Пока не вколют эту нам заразу.
И будем снова жить мы на Луне.
И будешь снова ты Козеттой мне.
И вижу я мученья Як Иолы.
А иногда встречаю взгляд весёлый.
8303
А иногда встречаю взгляд весёлый.
Но чаще всё ж я чувствую уколы.
А этих Кол, Сюзан и Перикол
Тут полон двор. И я пред ними гол.
Его кололи роботу под зуб,
Чтоб он на вкус приятен был и люб.
И подсластили мы его мечтой.
А он остался полый и пустой.
Мы превратим подвижности смертей
В непроходимость жизненных путей.
Нужна нам влажность и морей, и рек.
И чтобы был счастливым чебурек.
Один сулит печали. А второй
Веселье. Да и радость за горой.
8304
Веселье. Да и радость за горой
Сулит один.
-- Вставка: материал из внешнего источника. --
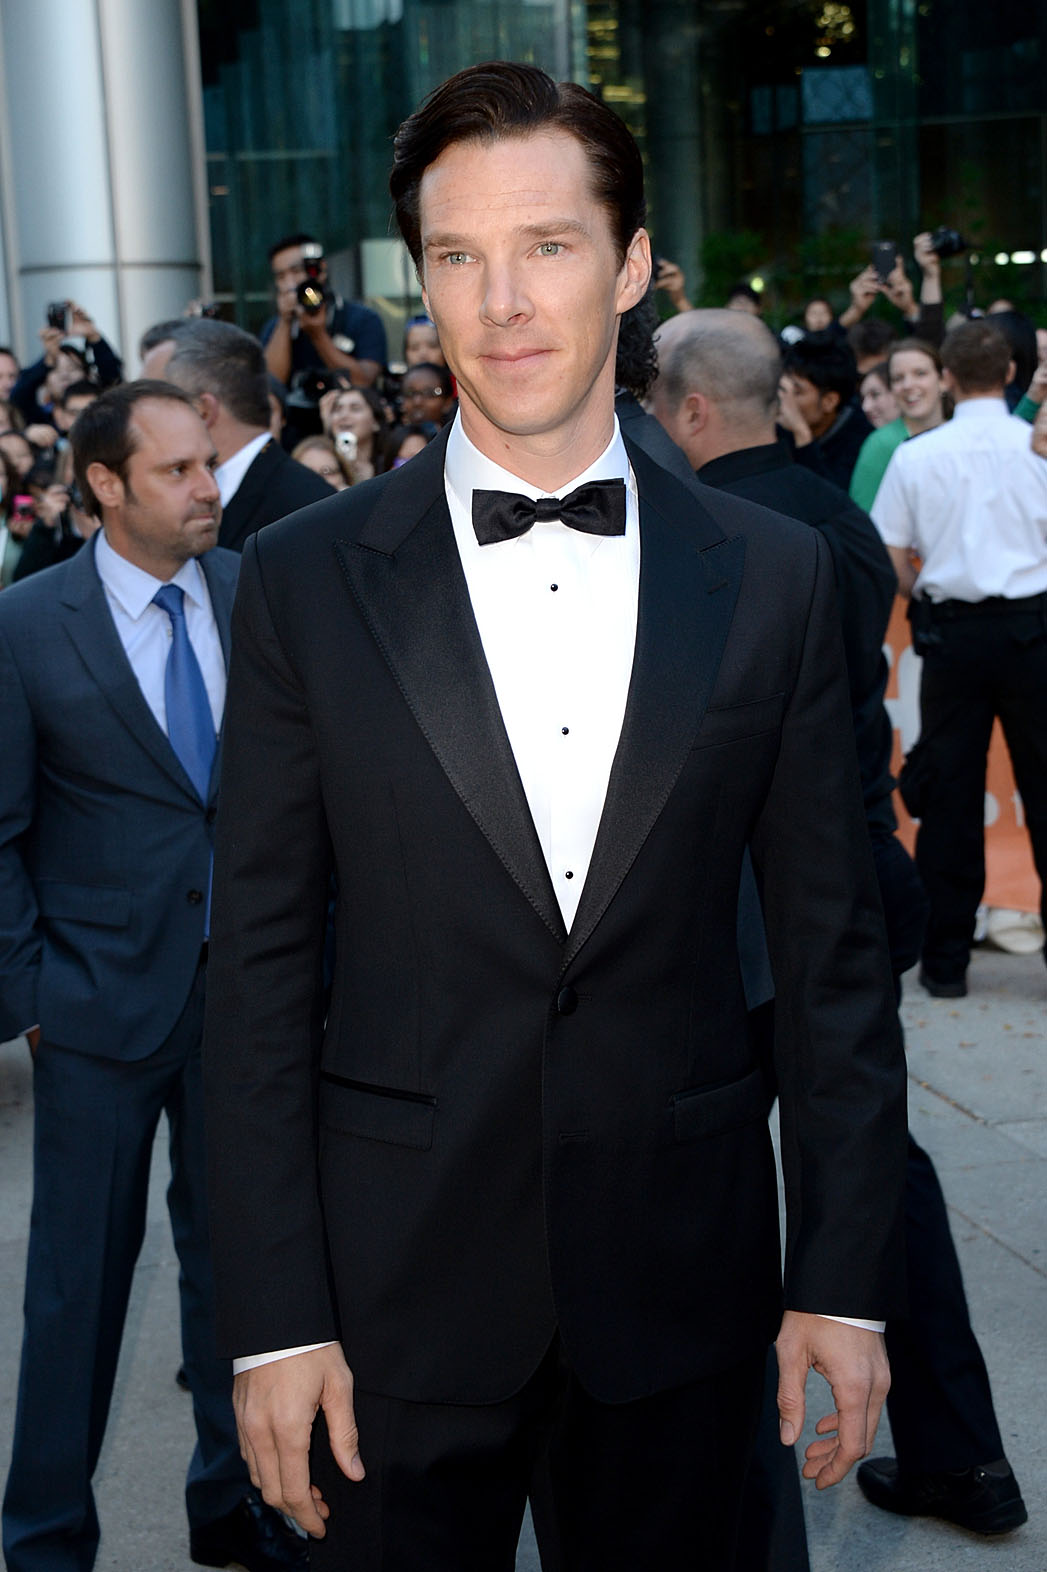 Benedict Cumberbatch Fifth Estate Premiere Toronto - P 2013

Он истинный герой.
Он ловит наши вымершие трупы.
И делит боль на секции и группы.
И рассыпает тут же на паркет
Куски халвы и пряников пакет,
Что не горят не только в кислоте,
Но и в лимонной дымчатой мечте.
И, испещряясь пылью до Луны,
Растёт молва с обратной стороны.
Довольно только встречу прозевать,
Как и начнётся двигаться кровать
Во излиянье жизни Як Иола.
И уж пошли нищать в округе сёла.
8305
И уж пошли нищать в округе сёла.
Так приказала тётя Перикола.
Тут ни к чему молчать. Да и Му-му
Подумал: «Скоро я его приму».
А как проснётся, он, конечно, сам
Начнёт крутить рулады по усам.
Усы его всё тех же проводов,
Что и достигли блеска городов.
И не бельё нам параллельно виснет,
И не ребёнок звонко ночью писнет
На разговорах между тем и тем
На тему: «Всё разрушим, а затем».
Там каждый первый, третий и второй
Забыты. Над Россией пир горой.
8306
Забыты. Над Россией пир горой.
А каждый третий, он же и второй,
И сто седьмой, и семьдесят девятый.
Опять же быстрый, злой и непредвзятый.
И никакой. И тот, что шёл за нами.
И с совершенно в клеточку штанами.
И всякий некий, и ничей, и он,
И тот, кто крутит старый патефон,
Не зная даже времени и чести,
Где б о себе хоть что-нибудь прочесть. И
Не забывает, где белеет парус,
И сколько стоят пиво и «Икарус»,
Который можно взять себе с нуля
На самом стыке киля корабля.
8307
На самом стыке киля корабля
Его там можно взять за три рубля.
А каждый первый, третий и второй
Собой довольны позднею порой.
И спит, и дремлет, и ничто не внемлет
Земля во сне, да и себя объемлет.
И не приемлет. И когда-то там
Всё, как и прежде, встанет по местам.
С любовью, верой, дружбой и надеждой
Прикроем раны искренней одеждой
Демократичных важных перемен
Всей этой в пику трусости измен.
Ну, а пока того, кто чем-то стал,
Везут на биржу, режут на металл.
8308
Везут на биржу, режут на металл
Того, кто был не тем, кем позже стал.
Металлоломом. И идею в массы.
И вот она и усредняет классы.
И народился новый средний класс.
И молодым он стал рычать на нас.
Ну, а бананы каждый третий ест,
Кто раньше верил в двадцать третий съезд.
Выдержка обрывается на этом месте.